Transport des matières dangereuses – De nouvelles modifications entreront en vigueur en janvier 2018

Les nouvelles modifications publiées le 12 juillet dernier ne sont rien de majeur. Elles visent notamment une meilleure visualisation des plaques identifiant le contenu des produits dangereux. Cette nouvelle politique vient ainsi harmoniser les recommandations de l’ONU avec les règlementations internationales, dont celles avec notre partenaire commercial américain. Expéditeurs et transporteurs seront responsables conjointement de l’application de ces nouvelles dispositions.

Transports Canada prend très au sérieux le transport des matières dangereuses. Des tragédies comme celle de Lac-Mégantic ne doivent pas se répéter. Et le transport routier n’est pas à l’abri.

Chaque année, l’Alliance canadienne du camionnage publie le Guide du transport des marchandises dangereuses par camion (GUIDE TMD). Dans un amendement publié en juillet dernier, l’harmonisation des divers règlements touche la classification, les indications de danger, les appellations règlementaires, les dispositions particulières et les polluants marins.

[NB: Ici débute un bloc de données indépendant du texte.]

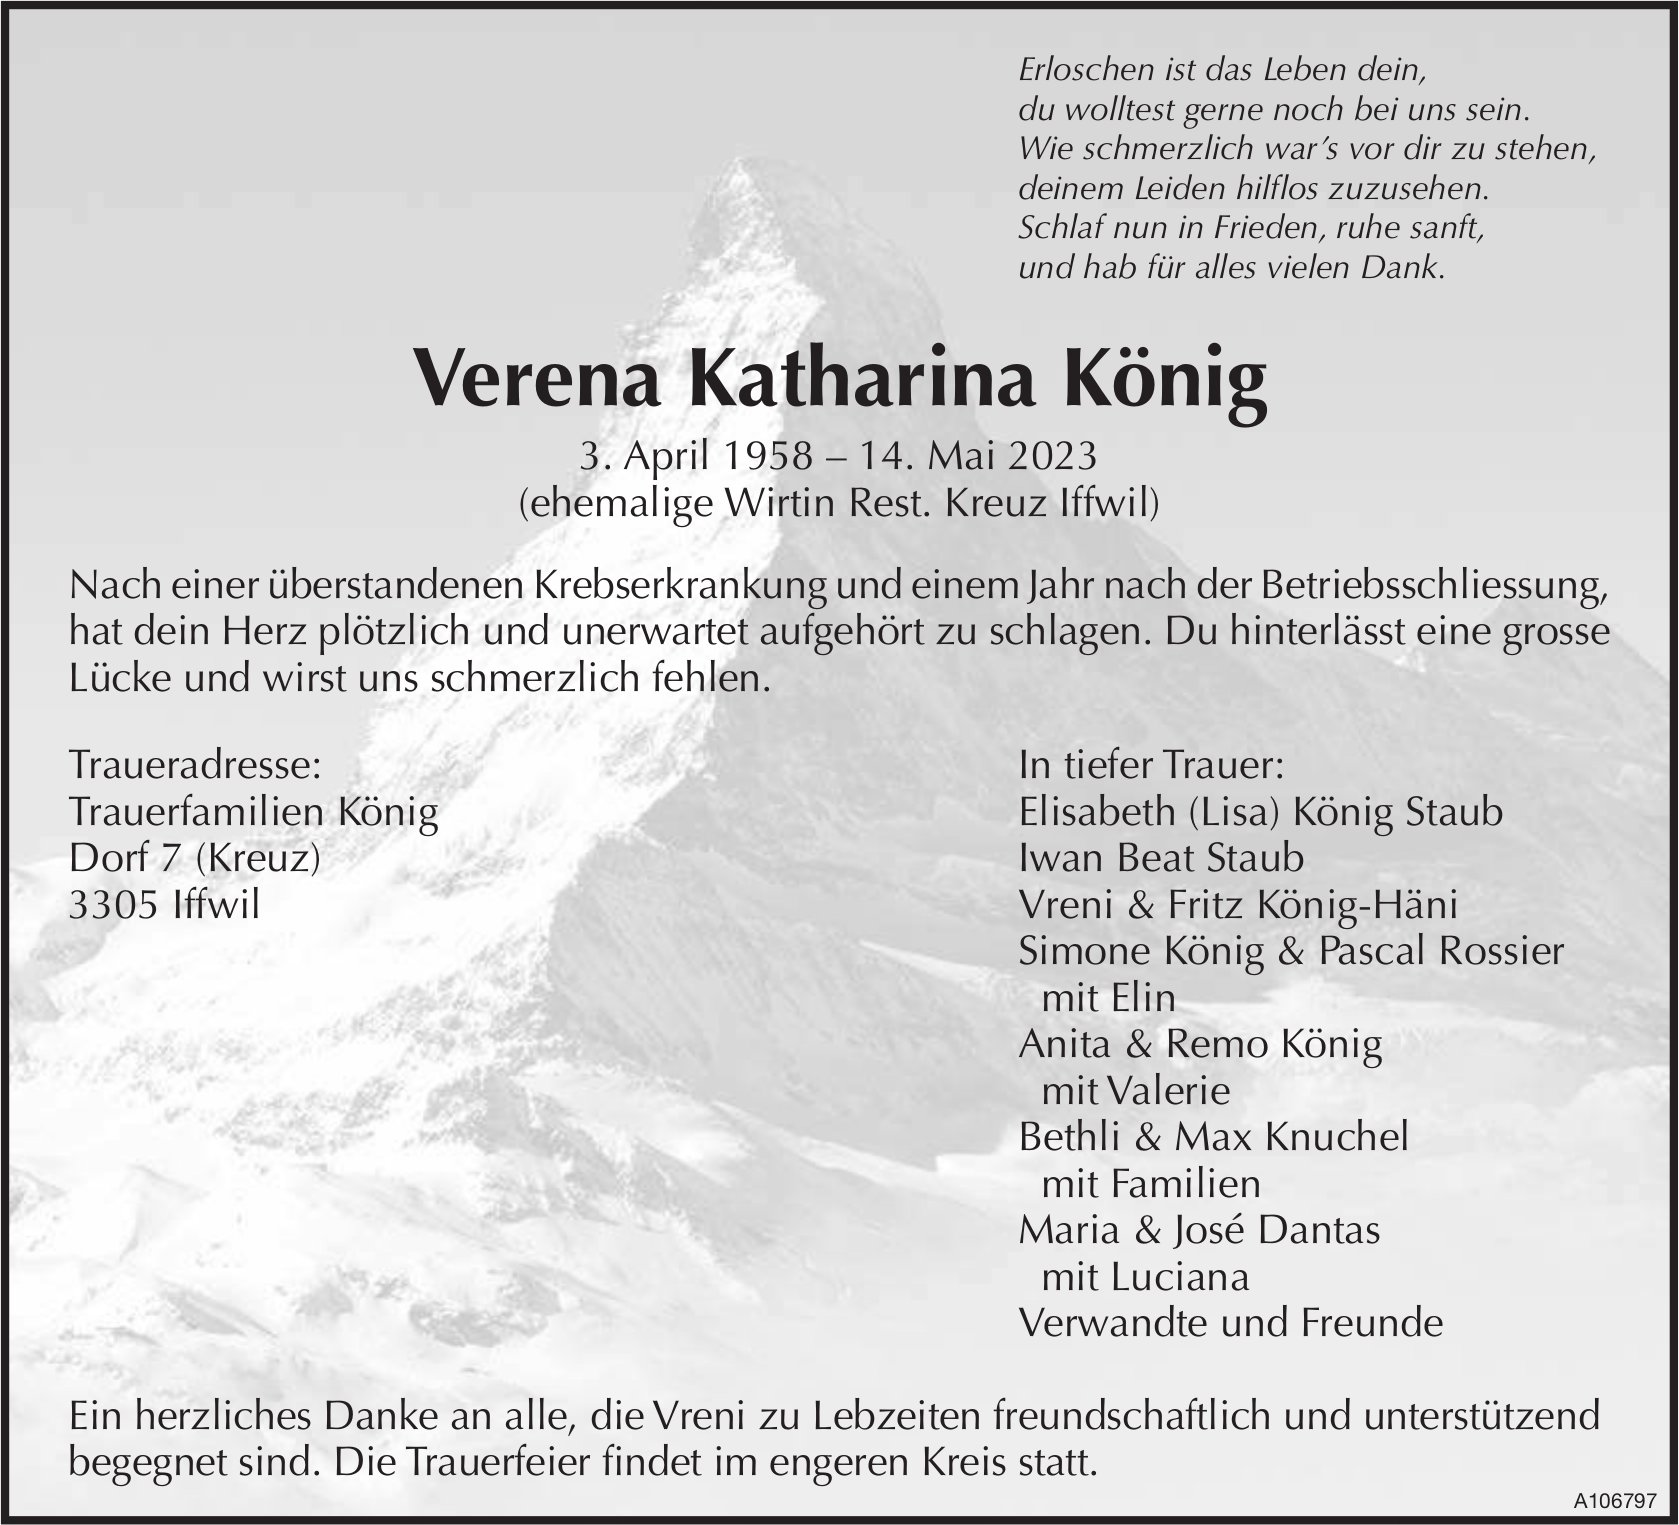 Verena Katharina König, Mai 2023 / TA

Une période de transition de six mois s’applique à l’ensemble des modifications au Règlement sur le transport des marchandises dangereuses (RTMD). La date butoir est le 12 janvier 2018.

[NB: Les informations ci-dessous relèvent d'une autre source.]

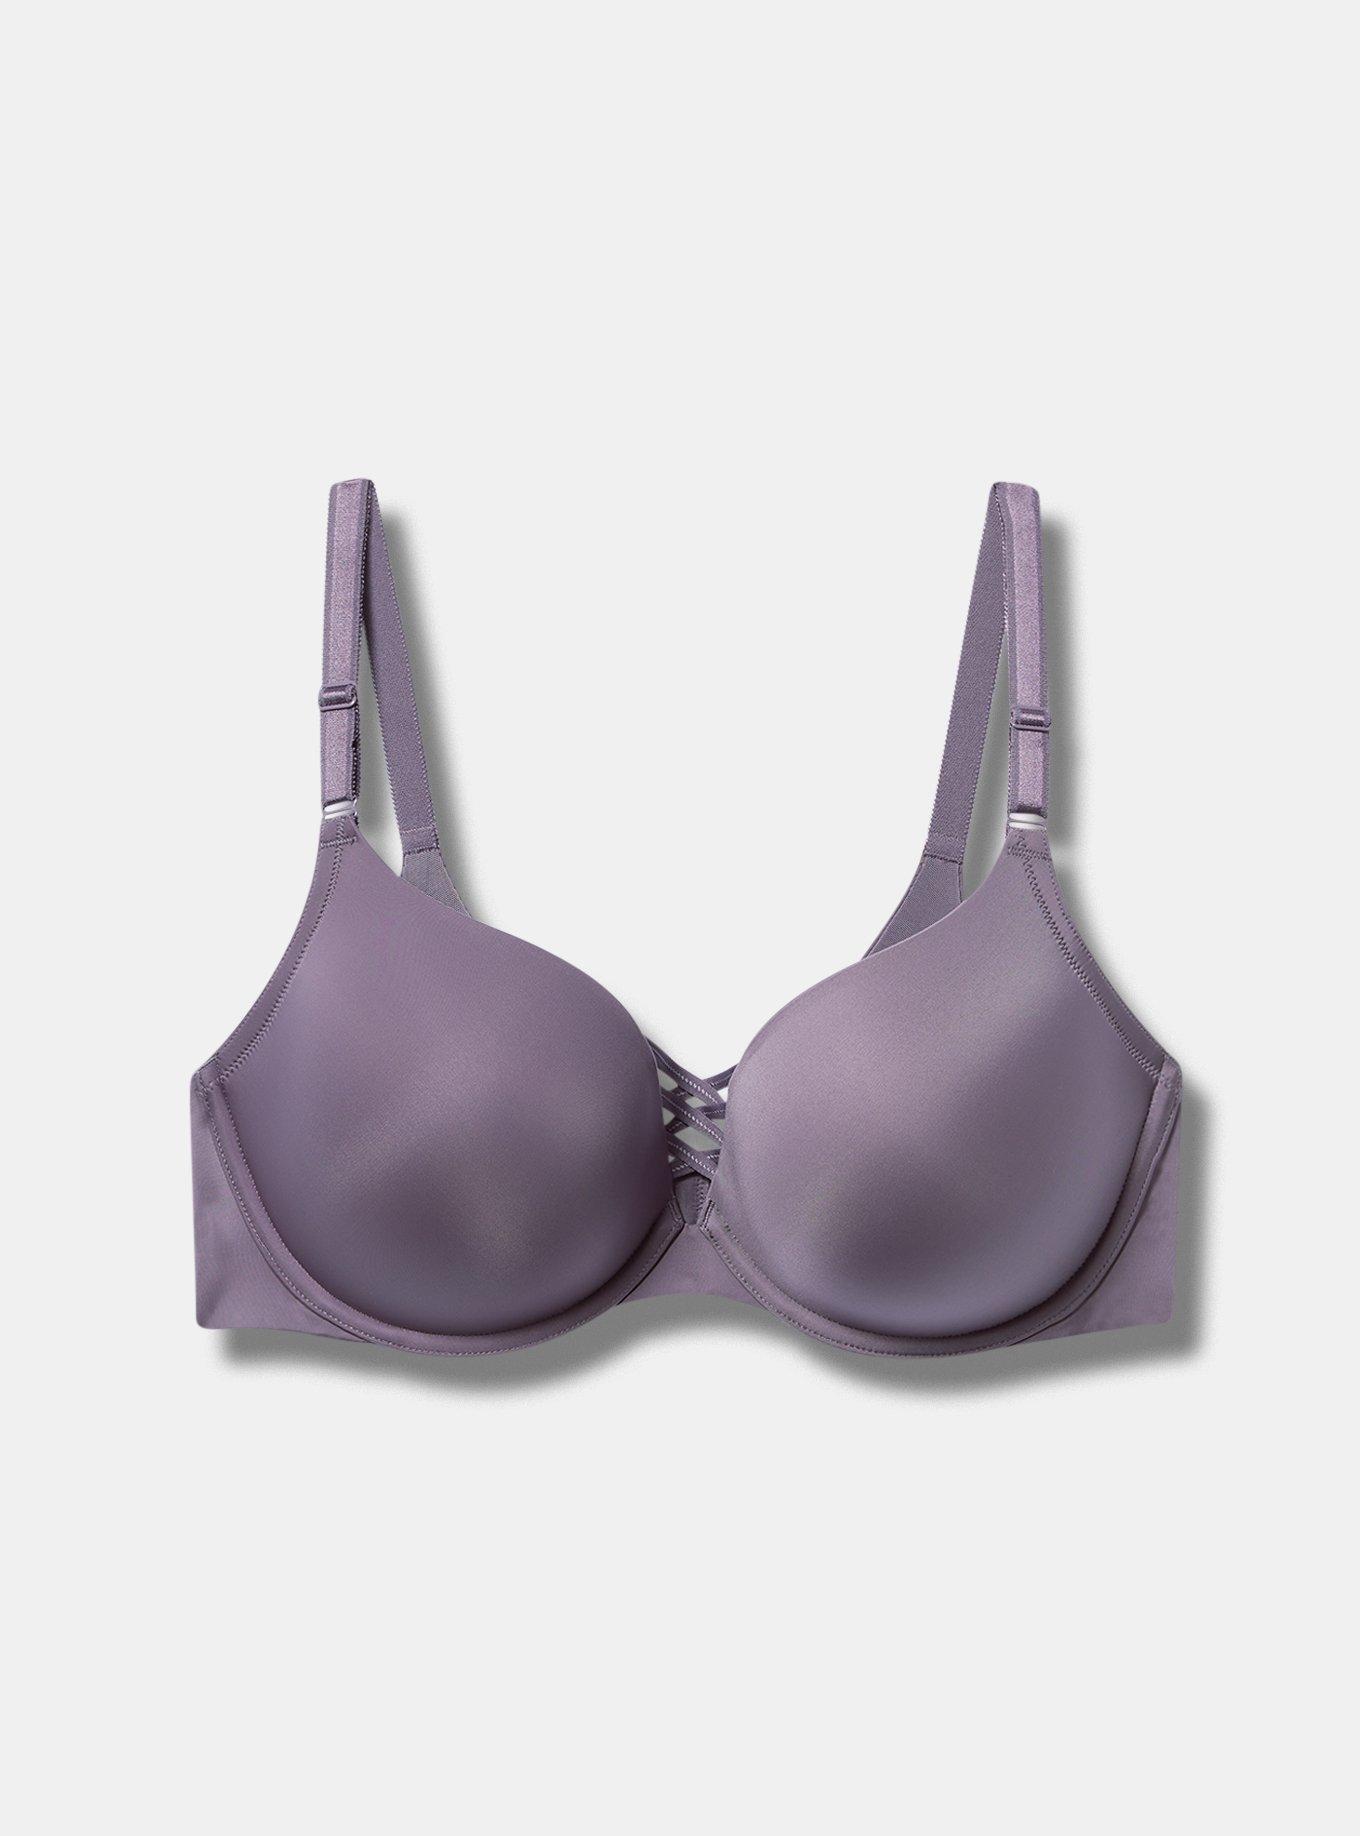 torrid, Intimates & Sleepwear, Torrid Bra Lingerie Underwire Lace Plus  Size 44ddd Purple

« En harmonisant les règlements des deux côtés de la frontière, cela facilitera la tâche aux transporteurs et aux expéditeurs. C’est une façon de faire qui sera commune pour tous », explique Nathalie Léveillé, coordonnatrice, Conformité & Affaires juridiques, Association du camionnage du Québec (ACQ).

Modifications

Parmi les plus importantes modifications, mentionnons entre autres les plaques pour marchandises dangereuses. Une modification mineure a été apportée à la plaque et l’étiquette de la classe 9, Produits, matières ou organismes divers, dont les piles au lithium. L’indication de danger « signe de fumigation » a également été redessinée.

Selon Transports Canada, la demande mondiale de batteries au lithium ne cesse d’augmenter et un ajustement s’imposait.  Durant leur transport, les batteries au lithium sont exposées à de nombreux facteurs de stress environnementaux, notamment un taux d’humidité élevé, des températures extrêmes, ou encore une forte fluctuation de la température et de la qualité de l’air. Même si diverses normes applicables aux piles ou à leur expédition et à leur emballage cherchent à réduire une telle exposition, les normes existantes présentent toujours des lacunes, de même pour les essais réalisés sur les facteurs de stress mécaniques comme les chocs, les vibrations, les chutes, les perforations et l’abrasion.

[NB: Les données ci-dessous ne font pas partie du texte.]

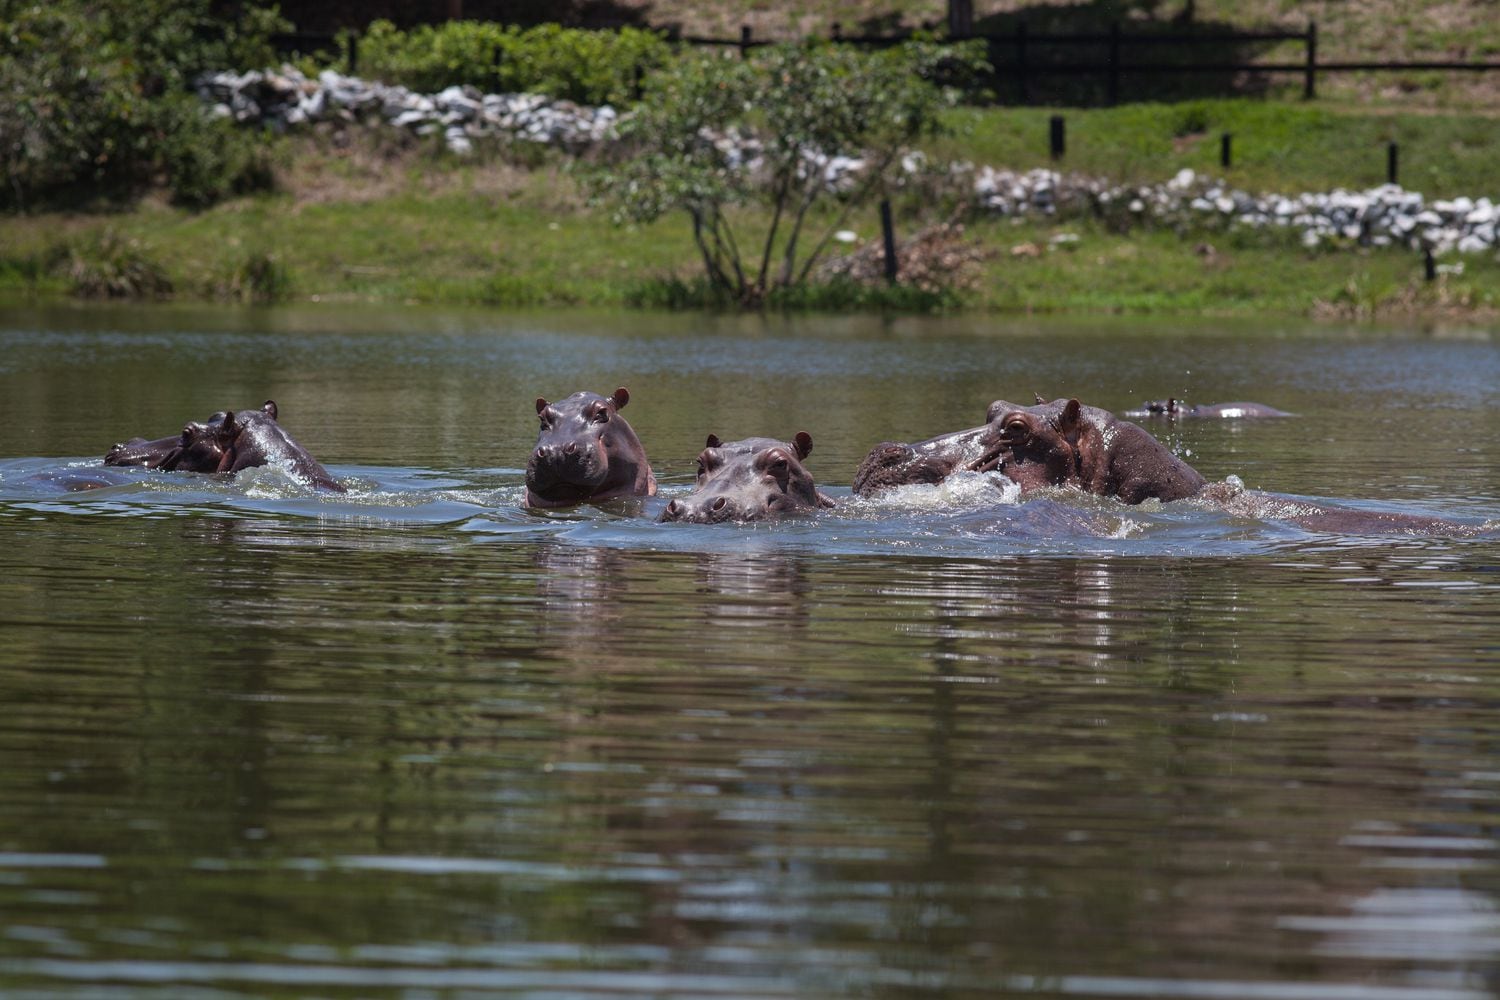 De los cuatro hipopótamos que tenía Pablo Escobar se ha pasado a unos 80. De seguir a este ritmo, serán unos 800 dentro de 20 años y alrededor de 7.000 en 2060.

« Lorsque l’on évalue les risques liés au transport des batteries au lithium, les paramètres humains ont aussi leur importance. En effet, il faut des procédures uniformes pour manutentionner et transporter les piles en toute sécurité, et éviter de graves incidents. Cependant, surveiller bon nombre des exigences existantes pour s’assurer qu’on s’y conforme est malaisé », indique un rapport de Transports Canada.

D’autres études sont nécessaires pour cerner les lacunes au niveau de la certification des piles et des normes de transport, ainsi que pour établir les incohérences entre les différentes normes.

« Le transport des piles au lithium a maintenant sa nouvelle plaque. Elle est de classe 9 et son illustration indique bien les piles au lithium. Les transporteurs devront dorénavant l’utiliser pour ce type de transport », ajoute Nathalie Léveillé.